Analysis of validation data
Validation of the mutations within the targeted regions (76 genes) of the Illumina deep-sequencing data from 16 LUSC patients
Caller A only
Caller B only
Caller C only
Caller D only
Caller A and C
Caller A and D
Caller B and C
Caller B and D
Caller C and D
All but Caller D
All but Caller C
All but Caller B
All but Caller A
We further interrogated false positive and false negative sites by exploring alignment of nearby regions, distribution of base scores of the variant and the reference allele, coverage, and variant allele fraction. Some of such details for each mutation are summarized in Additional file 2. Each discrepancy has a very specific reason but broadly, there are two explanations accounting for the false positives and false negatives. One is when a mutation has low-quality information (low vaf in the tumor sample, or low coverage, or low mapping quality, or low base quality scores for the variant allele). The other is when different pre- and post-filtering criteria were applied to high or intermediate-quality mutations, i.e., mutations showing clear signs of the existence of the variant allele, but may show strand bias, repeatedly appear in the first or last few bases of the reads, etc. Nonetheless, detailed characterization couldn’t be performed, since full details of the filters were not available.

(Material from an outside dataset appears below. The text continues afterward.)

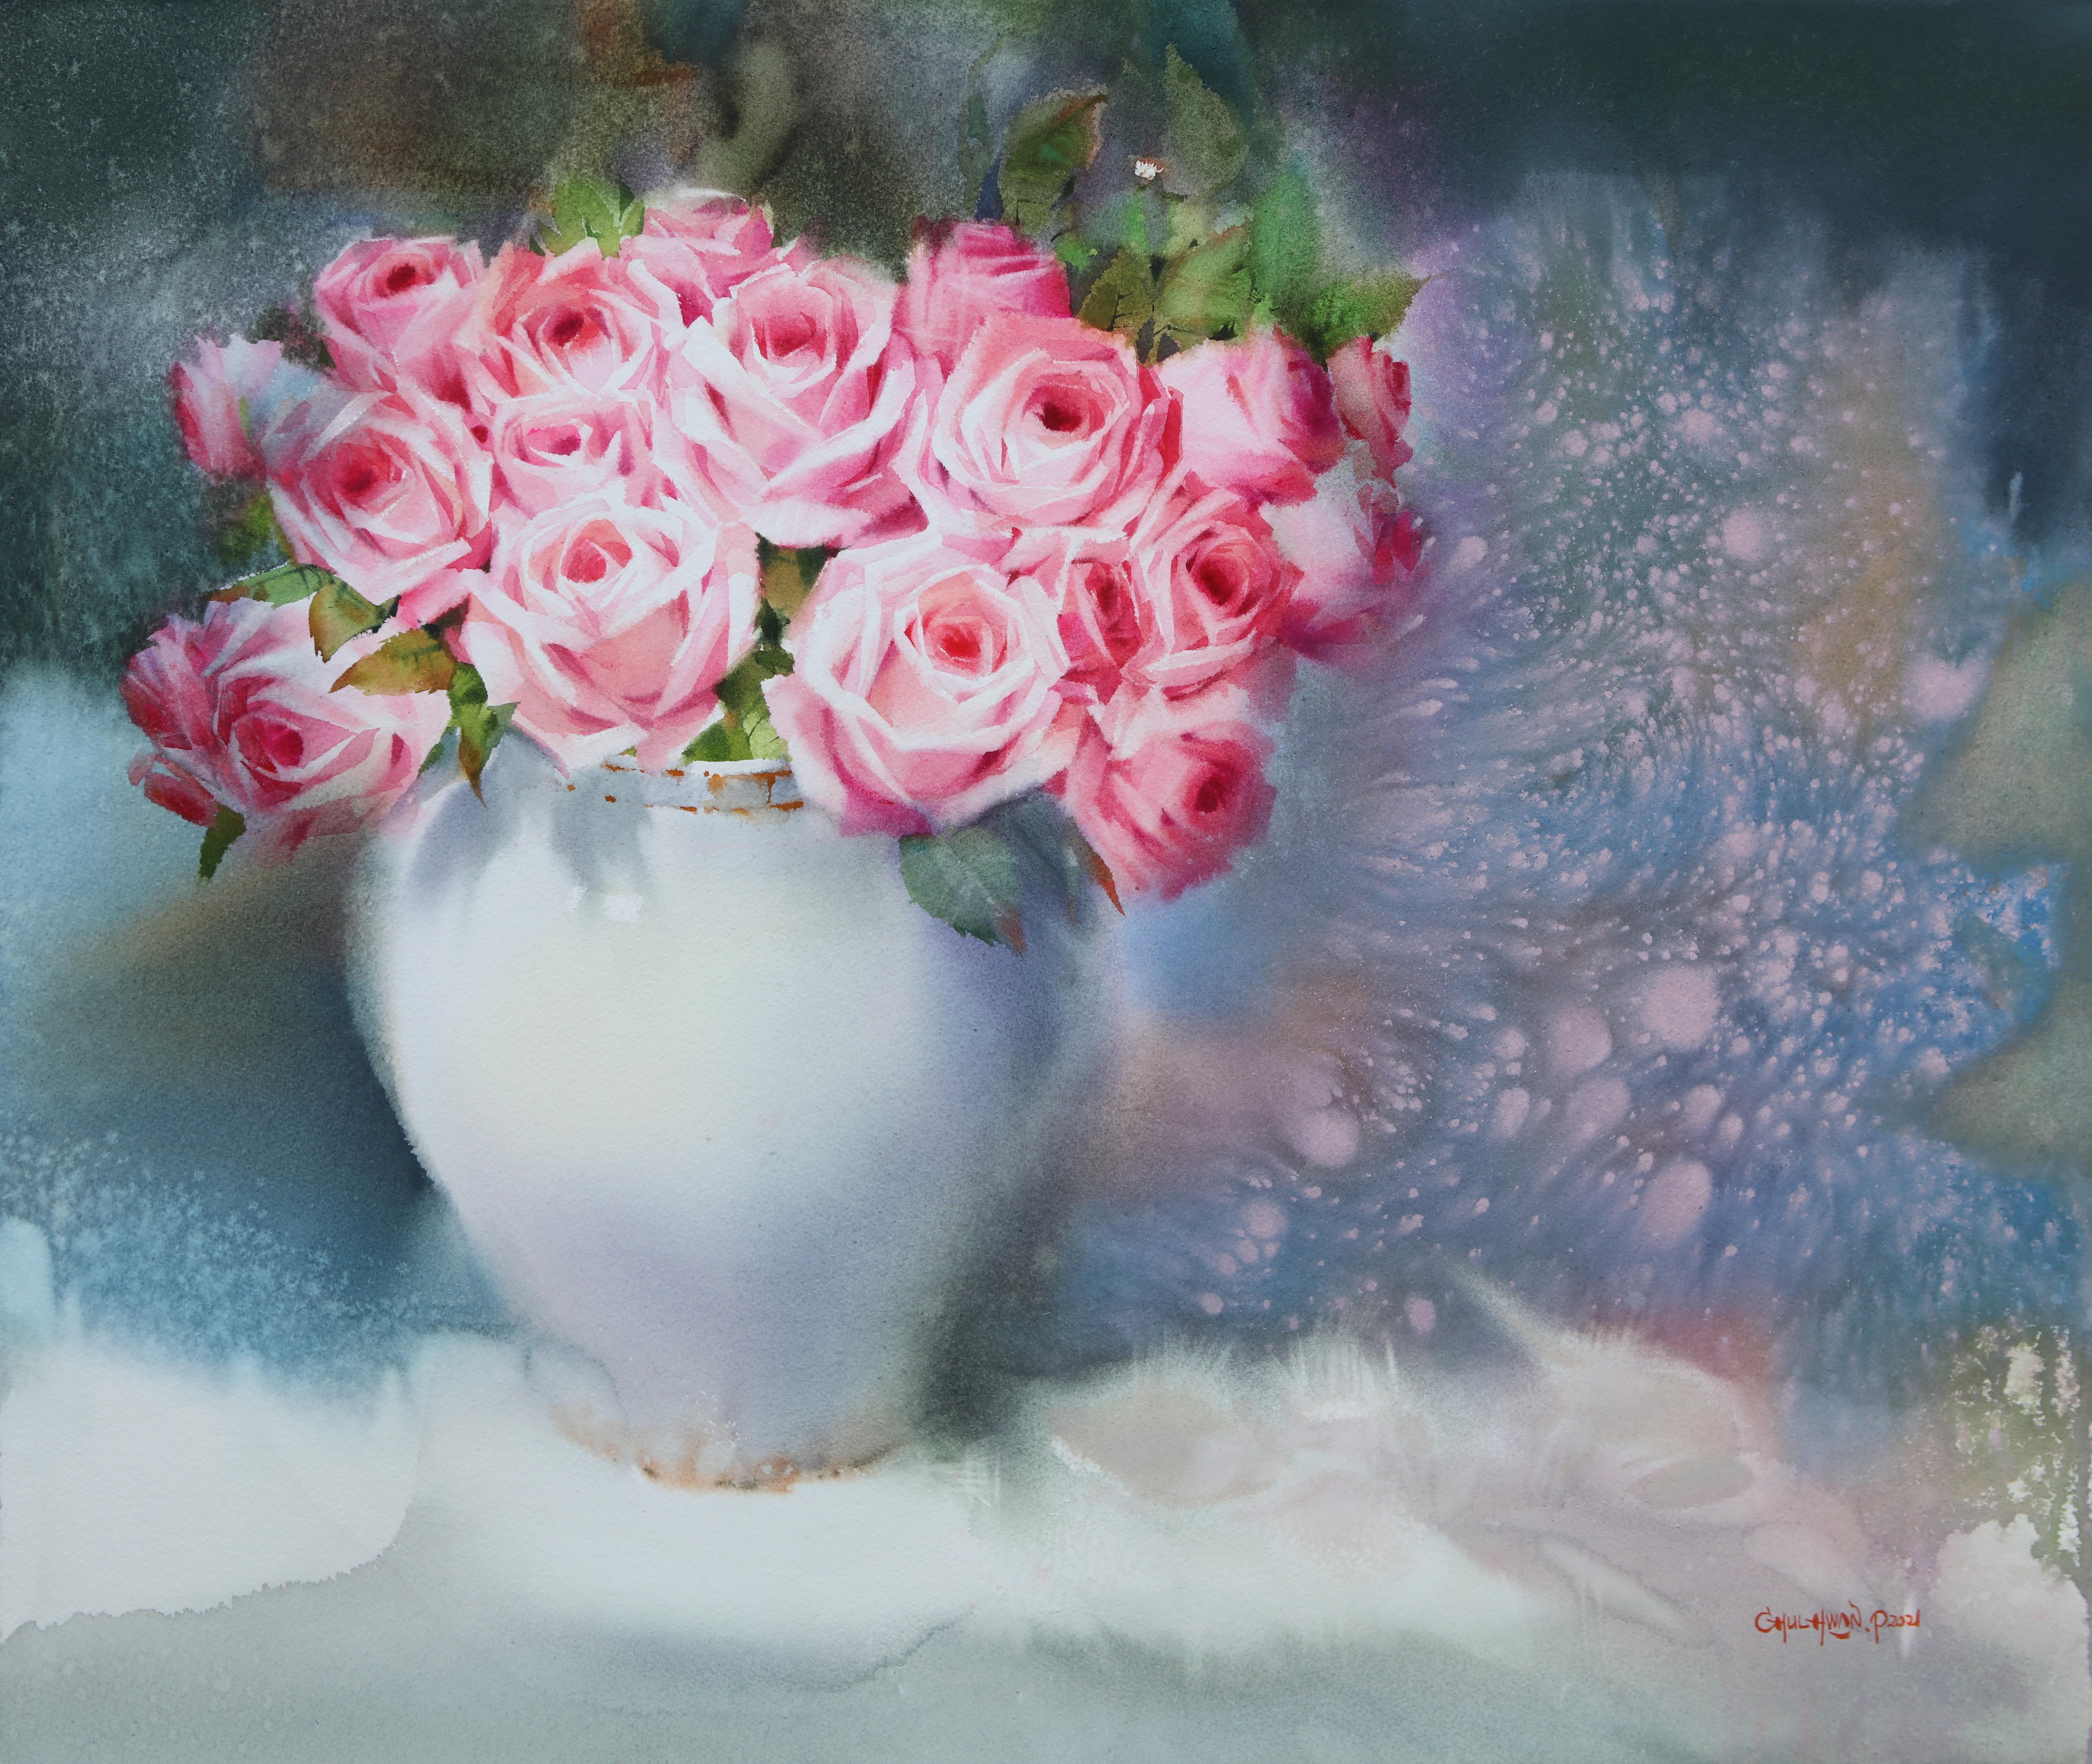 007, 박철환, Rose, 60.6 x 72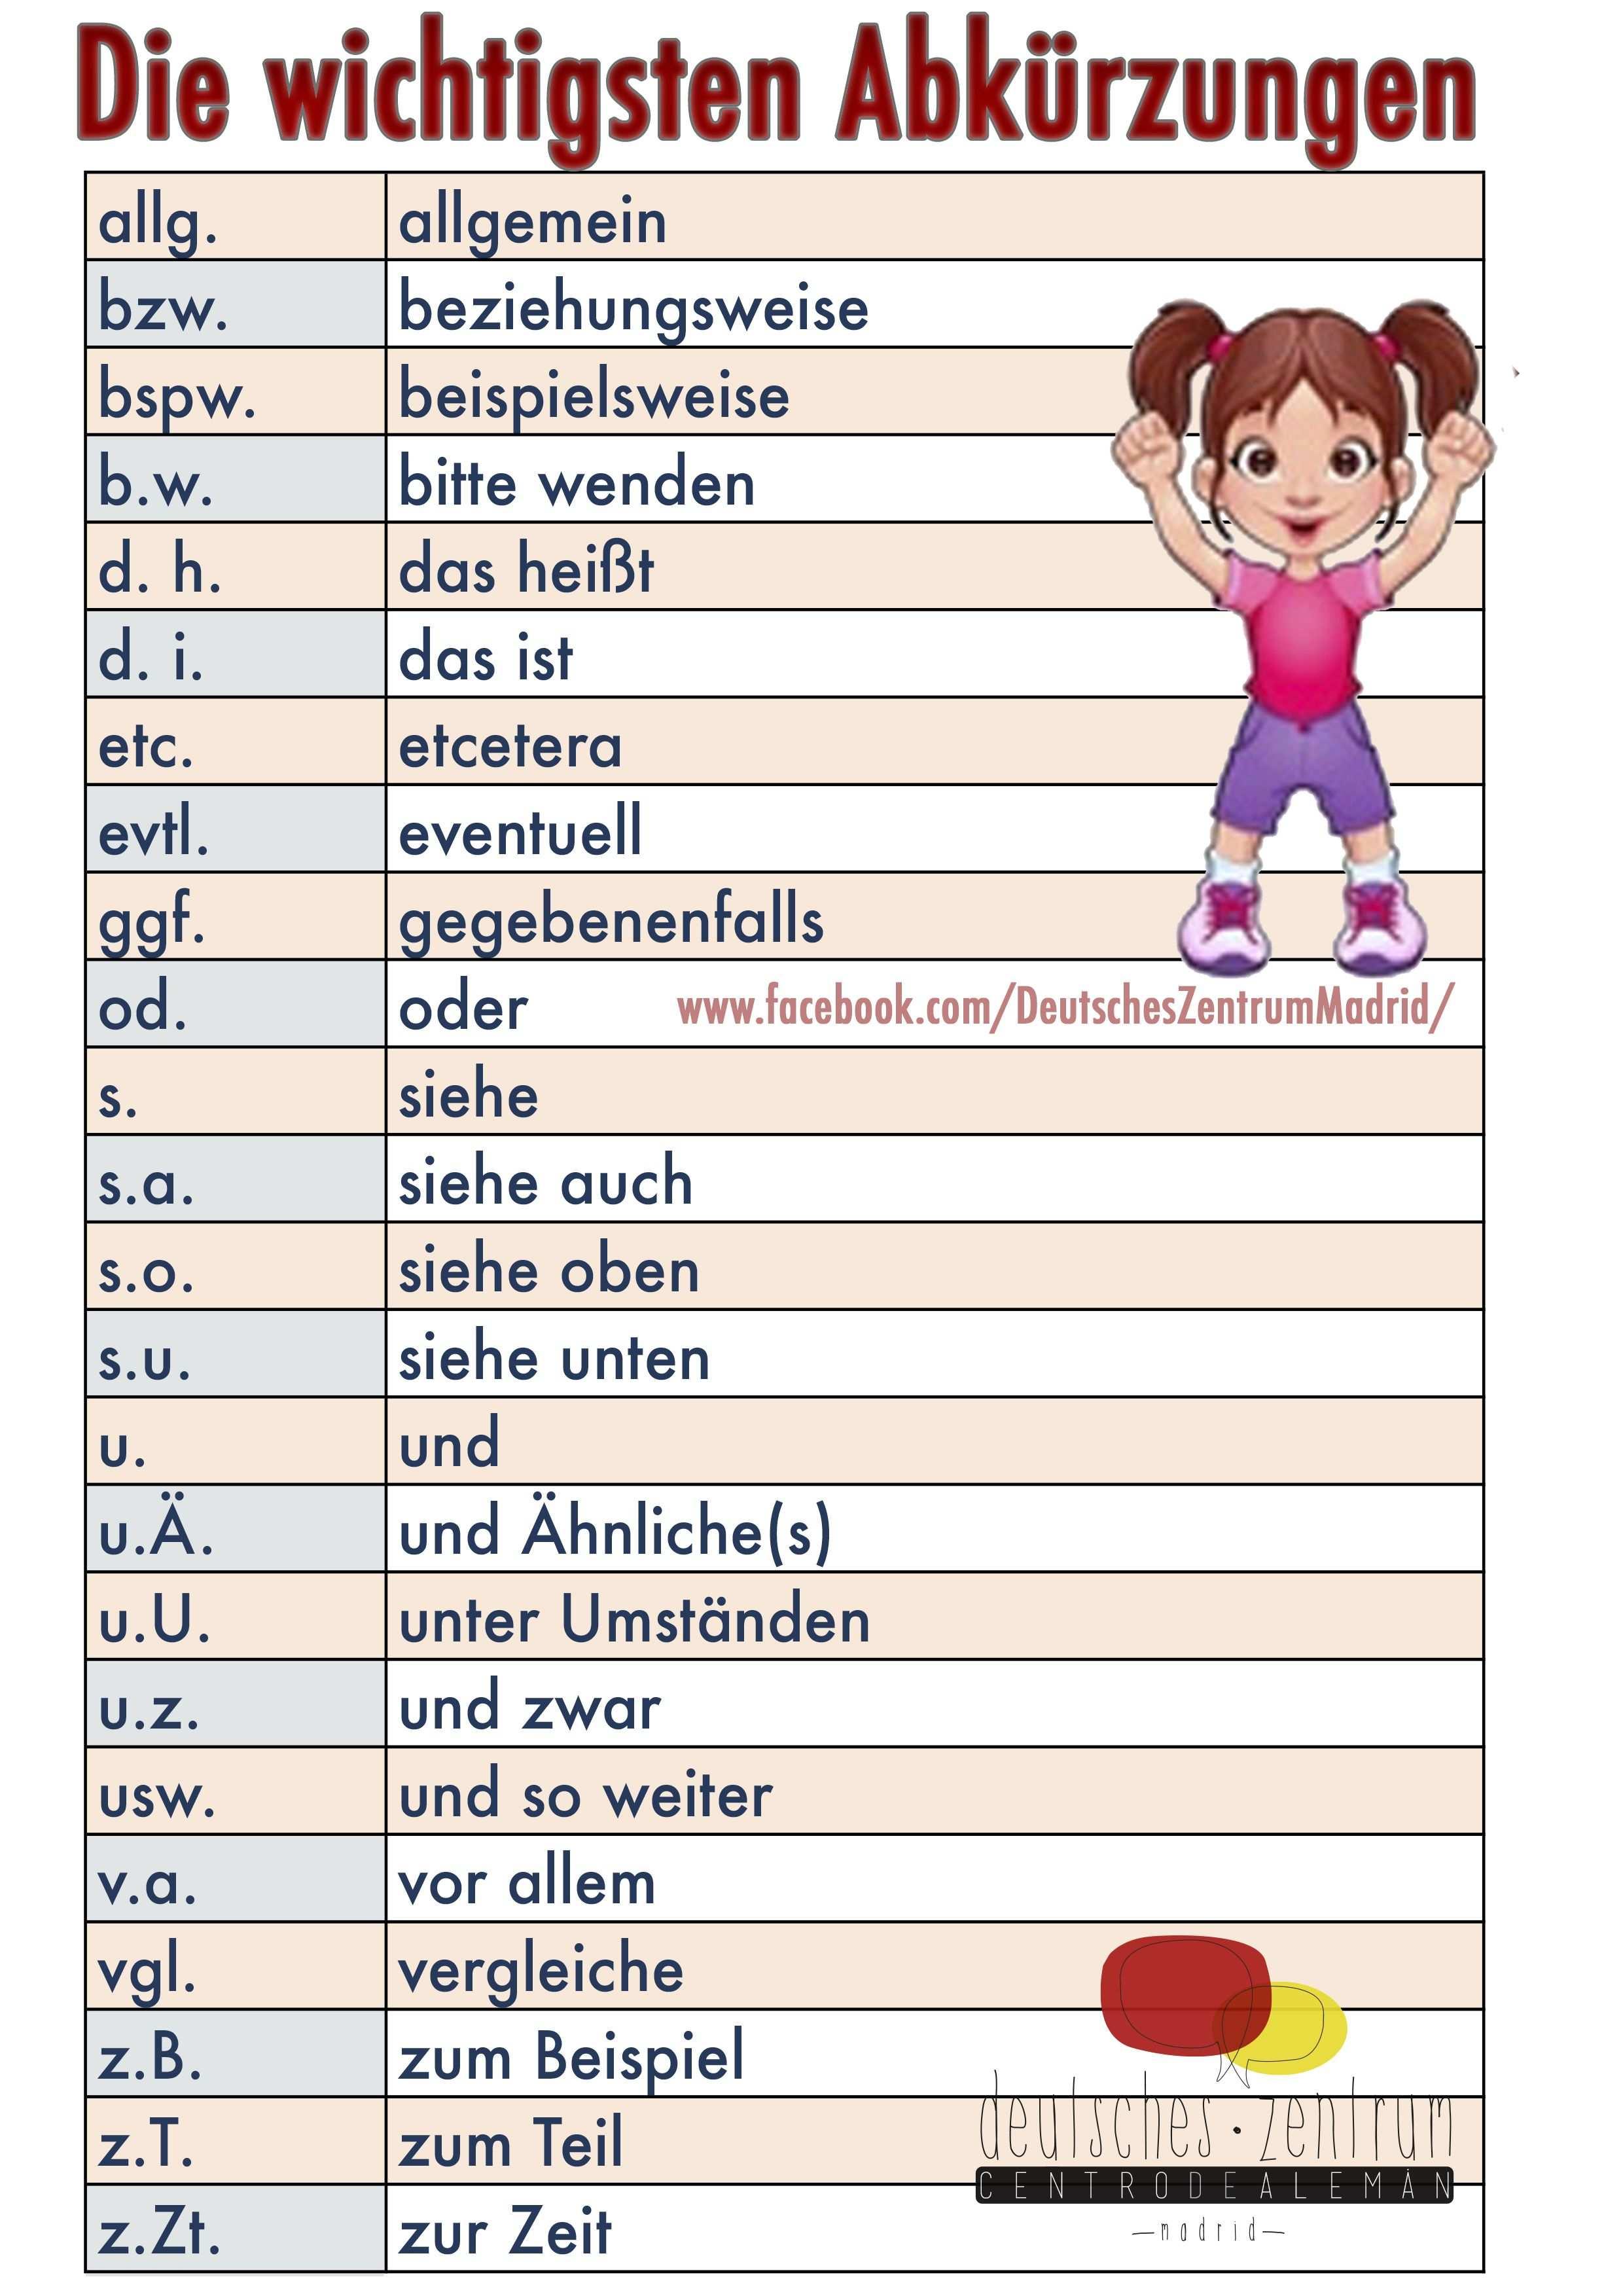 Abkurzungen Deutsch Wortschatz Grammatik German Aleman Daf Abreviaturas Deutsch Lernen Deutsch Wortschatz Grammatik

READ dataset Among the mutations called for the 6 READ patients, we obtained the validation status of 721 sites that were validated by the 454 technology. We first classified each mutation found in any VCF file into five validation groups. It is ‘nonMAF’ if the mutation was found in the benchmark data but did not appear in the TCGA colon working group MAF (mutation annotation format) file as of Nov 8, 2011 nor validated by the 454 technology. Otherwise, it was classified as ‘unknown’ (in the MAF file but not validated), ‘wildtype’ (no variant allele found in either the tumor or the normal sample), ‘germline’ (variant allele found in both the tumor and the normal sample), and ‘somatic’ (the variant allele is found in the tumor sample but not in the normal). We didn’t have information about how sites were chosen for validation. However, classification of the mutations by the detection status of the three callers and by the validation group suggests that only the variants initially called by Caller J were considered for validation, except for a few variants in READ-4 (Additional file 1: Table S2). It is important to be aware of such ascertainment. Otherwise, one may mistakenly compute the false positive and the false negative rates of Caller H or Caller I using the validated mutations, and may make unfair comparison with the rates of Caller J. Note that in the set of validated mutations, if a mutation is called by Caller H, then it implicitly implies that the mutation is called by both Caller H and Caller J due to the ascertainment.
Validation results for the mutations that were called by Caller J are shown in Additional file 1: Figure S6. Most of the calls detected by Caller J only were not considered for validation nor included in the MAF file (i.e., ‘nonMAF’), except for the calls from patient READ-3 and READ-4. For the two patients, numerous mutations were considered for validation and validated as wildtype. Mutations that were detected by all callers have high validation rate for most of the patients, except READ-3. For READ-3, around half of the mutations were validated as wildtype. The validation results of the mutations that were detected by Caller J and another caller also suggest somewhat unusual validation accuracy for the mutations from two patients, READ-3 and READ-4. It is plausible that the quality of samples or the experimental procedure for these patients provided a challenge to all three mutation callers.
Analysis of the deep-sequencing data for construction of an evaluation dataset
We also examined the GATK variant quality scores (Additional file 1: Figure S9A). Such scores indirectly combine the vaf with sequence depth for each sample. Since we flipped the sign when no alternative allele is found by the GATK, the points on the left boundary with positive values for the tumor sample and negative values for the normal sample are strongly supported to be somatic mutations. Those points are reasonably well separated from other points in the diagonal. After further examination of the distribution of the vafs as well as the signed GATK quality scores, we determined the validation status for each of the 6,692 sites based on the deep-seq pairs (gold-standard data). A variant is called ‘somatic’ (334 sites; ∼ 5%) if the tumor vaf is > 10% and the normal vaf is < 2%, otherwise, ‘non-somatic’. An alternative criterion for a ‘somatic’ mutation is that the signed GATK quality scores for the tumor sample and for the normal sample are > 200 and < -100, respectively. The two criteria mismatch only for 17 sites. Rather than making subjective judgement for these sites, we have exclude these 17 ambiguous sites from our final evaluation set.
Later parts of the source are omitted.